By origin, they are divided into: congenital (hereditary, intrauterine); consistent due to local processes (uveitis, congenital glaucoma, injuries, etc.) and due to general diseases (infectious and neuroendocrine diseases, radiation sickness, metabolic diseases, etc.); secondary (postoperative).

By localization, cataracts are: polar, nuclear, zonular, coronary, diffuse, membranous, polymorphic, anterior and posterior (cup-shaped, rosette).

According to the absence or presence of complications and concomitant changes, cataracts are divided into: simple (except for opacities, there are no other changes), with complications (nystagmus, amblyopia, strabismus), with concomitant changes (congenital malformations of the eye, microphthalmos, aniridia, coloboma of the vascular tract, retina, optic nerve, etc., acquired by pathology of posterior and anterior synechiae, subluxation and dislocation of the lens, vitreous hernia).

According to the degree of visual impairment: the first degree of cataract visual acuity is 0,3 and above), the second is 0,20,05, the third is below 0,05.

2. Congenital cataracts (cataractae congenitae)

Anterior and posterior polar cataracts (cataractae polaris anterior et posterior) are diagnosed by their location at the poles of the lens. Opacities are clearly visible in transmitted light and biomicroscopy. Anterior polar cataracts can also be detected on examination with lateral illumination. Polar cataract has the appearance of a dense white disk with a diameter of not more than 2 mm, quite clearly delimited from the surrounding transparent areas of the lens. When the eyeball moves, the anterior polar cataract is viewed in transmitted light moving in the direction of eye movement, while the posterior polar cataract moves in the opposite direction. These types of cataracts usually do not affect visual acuity and are not subject to surgical treatment.

Zonular (layered) cataract (cataracta zonularis) is the most common congenital pathology of the lens. In transmitted light, a zonular cataract is a gray, lighter in the center disk 56 mm in diameter with radiar processes ("riders") against the background of a pink reflex of the fundus.

In the light of a slit lamp, clouding is visible in the form of a disk located in the central sections and surrounded by a transparent substance of the lens. Along the edge of the disk, which consists of separate opacification zones, additional opacities in the form of protrusions are visible. The degree of vision loss depends on the intensity of the clouding.

Unlike other types of congenital opacities, zonular cataract can progress in the first years of a child's life.

Diffuse (complete) cataracts (cataracta diffusa) are visible even with side lighting. The pupil area is diffusely gray, vision is sharply reduced.

One of the varieties of congenital cataracts is membranous cataract (cataracta membranacea), which has a gray (white), often homogeneous color. This type of cataract is diagnosed according to the biomicroscopic picture (deeper anterior chamber, iridodonesis, direct optical section of the lens) and echography data (one echopic from the lens instead of two). Such cataracts also significantly reduce visual acuity and, like diffuse ones, are subject to removal.

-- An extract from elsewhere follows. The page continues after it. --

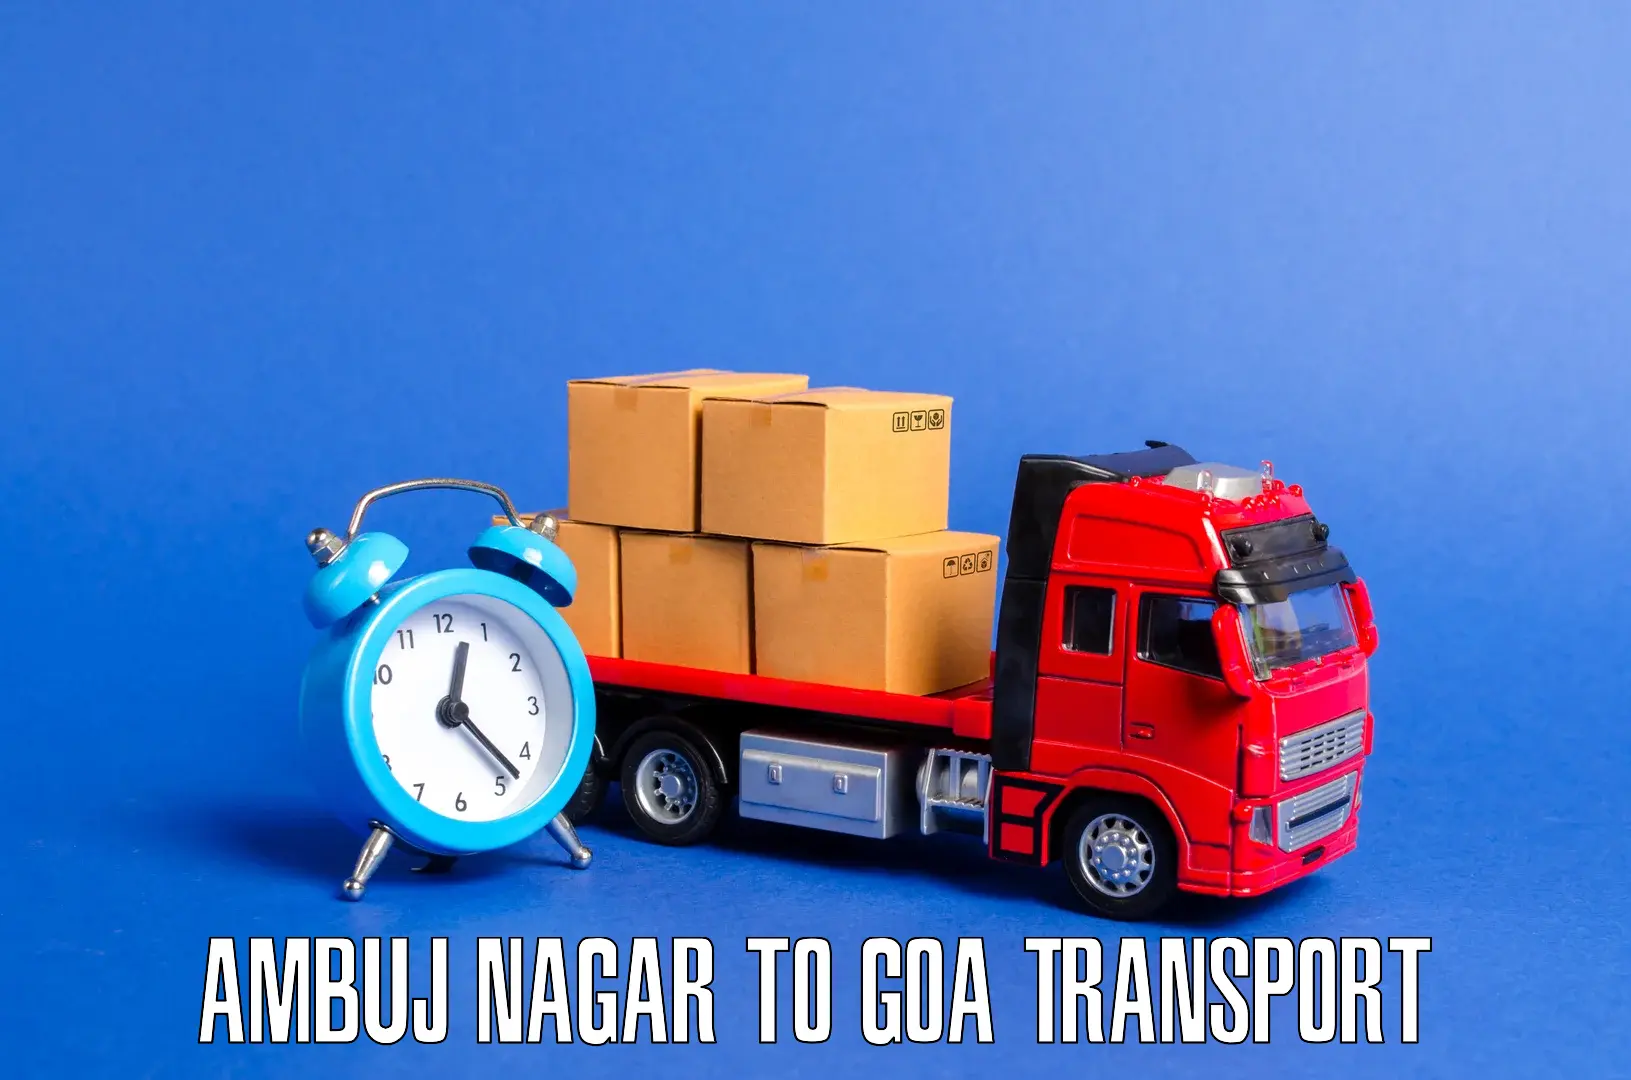 Daily transport service Ambuj Nagar to Canacona

All rare lens opacities (coral-shaped, pyramidal, etc.) of congenital genesis of various localization and severity, on which the degree of vision loss depends, are taken for polymorphic cataract.

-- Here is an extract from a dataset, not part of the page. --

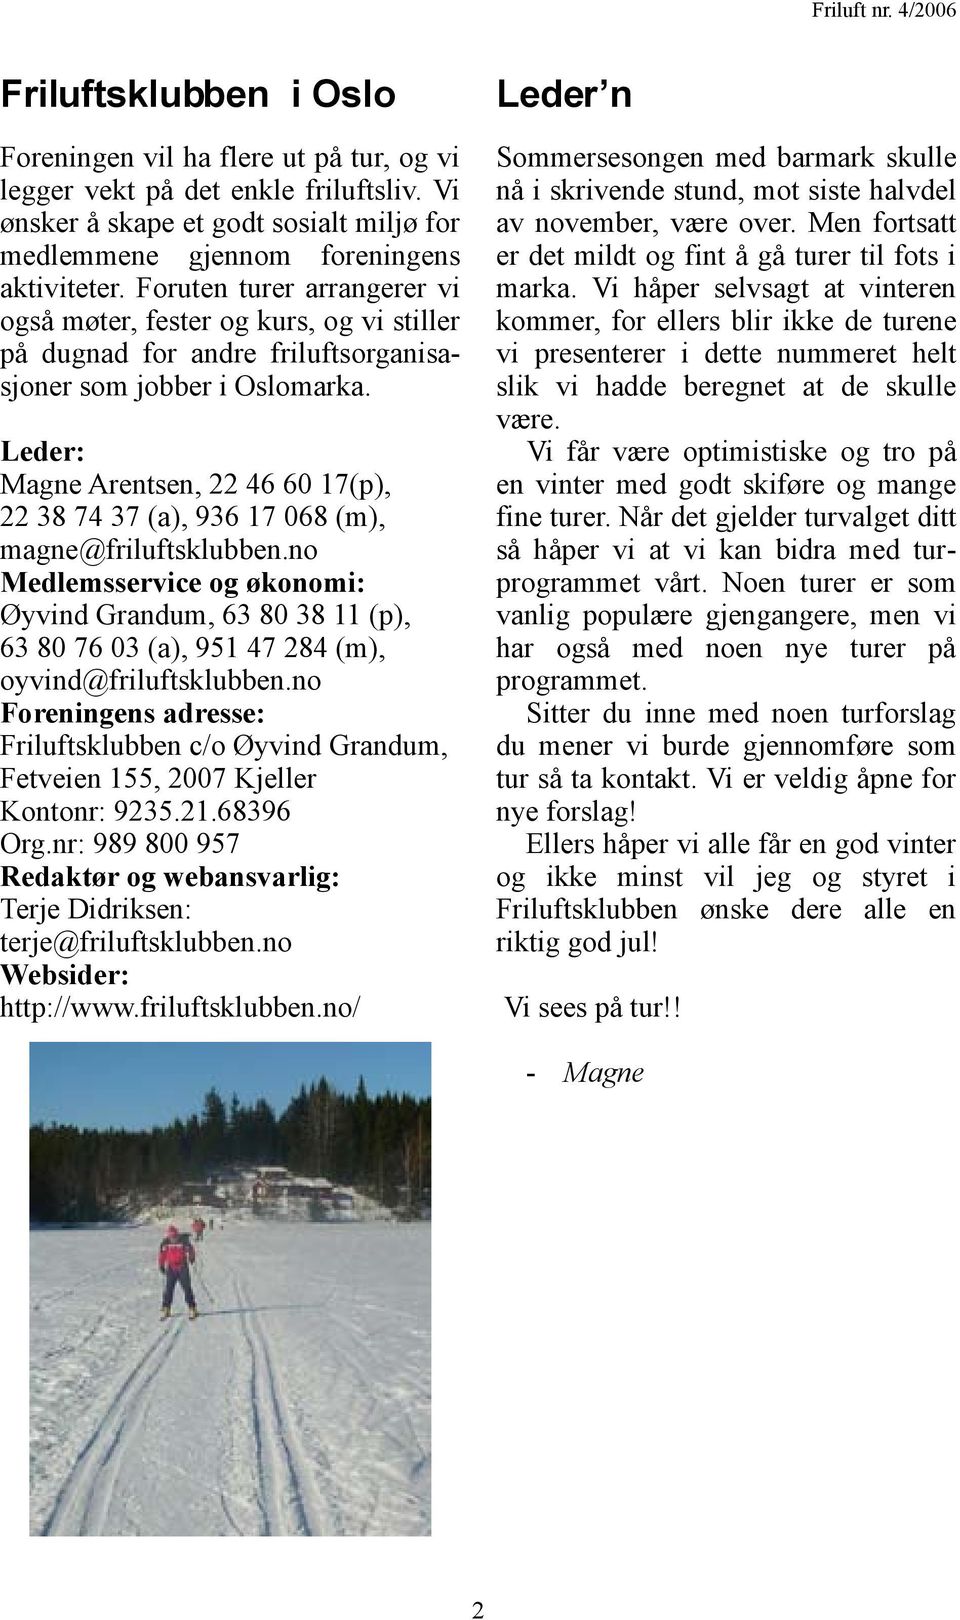 Leder: Magne Arentsen, 22 46 60 17(p), 22 38 74 37 (a), 936 17 068 (m), magne@friluftsklubben.

3. Diagnosis of cataracts in children

When examining a child, it is important to find out how the mother’s pregnancy proceeded, whether there were any harmful effects on her body (rubella, influenza, chicken pox, oxygen starvation of the fetus as a result of heart disease in the mother, lack of vitamin A in the pregnant woman’s diet, etc. ), at what weight and whether the child was born full-term, and whether he was kept in an oxygen tent after birth. Find out the presence in the anamnesis of general (tuberculosis, diabetes, infectarthritis, etc.) and local (uveitis, trauma, etc.) processes that can cause the occurrence of sequential cataracts.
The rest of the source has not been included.